19-49: Body validation logic looks good.

The checks for empty batches and for maximum batch size help ensure correct usage. The 400 status code is appropriate for these scenarios.


51-116: Robust error handling.

Returning the message in JSON while logging full error details is a balanced approach, preserving confidentiality while still aiding diagnosis through logs. Just verify no personally identifiable information is included in error messages.

apps/webapp/app/utils/sse.ts (1)

38-183: SSE connection management and graceful termination.

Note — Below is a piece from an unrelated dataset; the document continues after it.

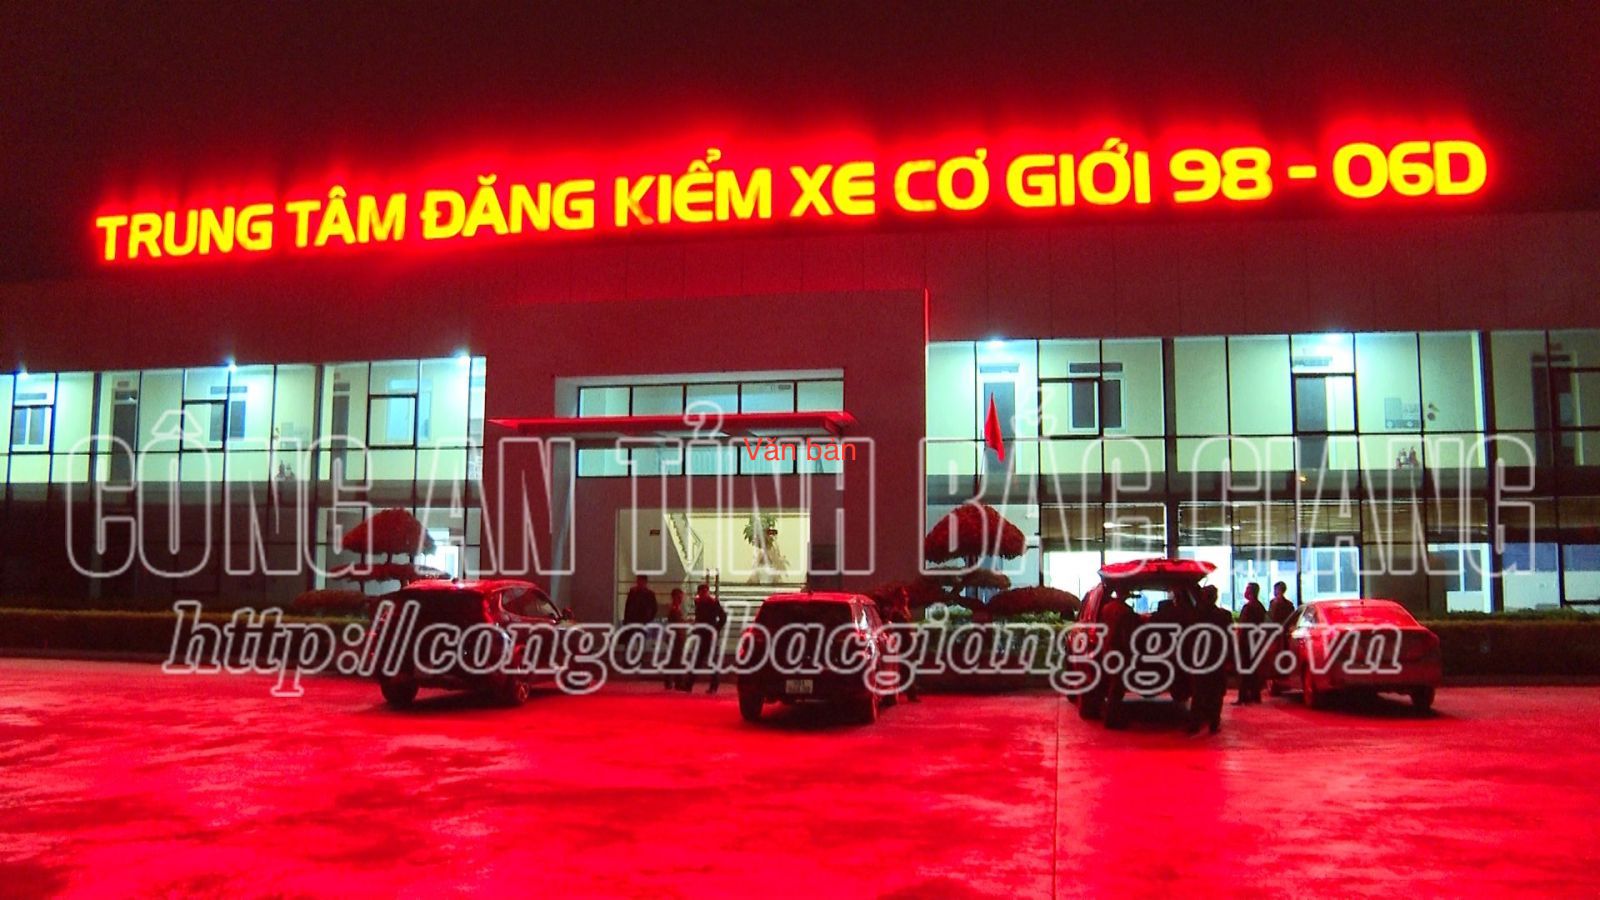 Bắt lãnh đạo một Trung tâm đăng kiểm xe cơ giới ở Bắc Giang - Ảnh 1.

The logic properly sets up a combined abort signal and registers event listeners on request, timeout, and the internal controller. This ensures correct cleanup and termination. Make sure you monitor open connections in production to avoid excessive resource usage if clients fail to close streams.

apps/webapp/app/v3/services/cancelTaskRunV1.server.ts (2)

26-30: Definition clarity is good.

This type cleanly enumerates the optional fields needed for cancellation. It ensures future expansion without breaking existing usage.


32-49: Ensure errors after status transition are handled.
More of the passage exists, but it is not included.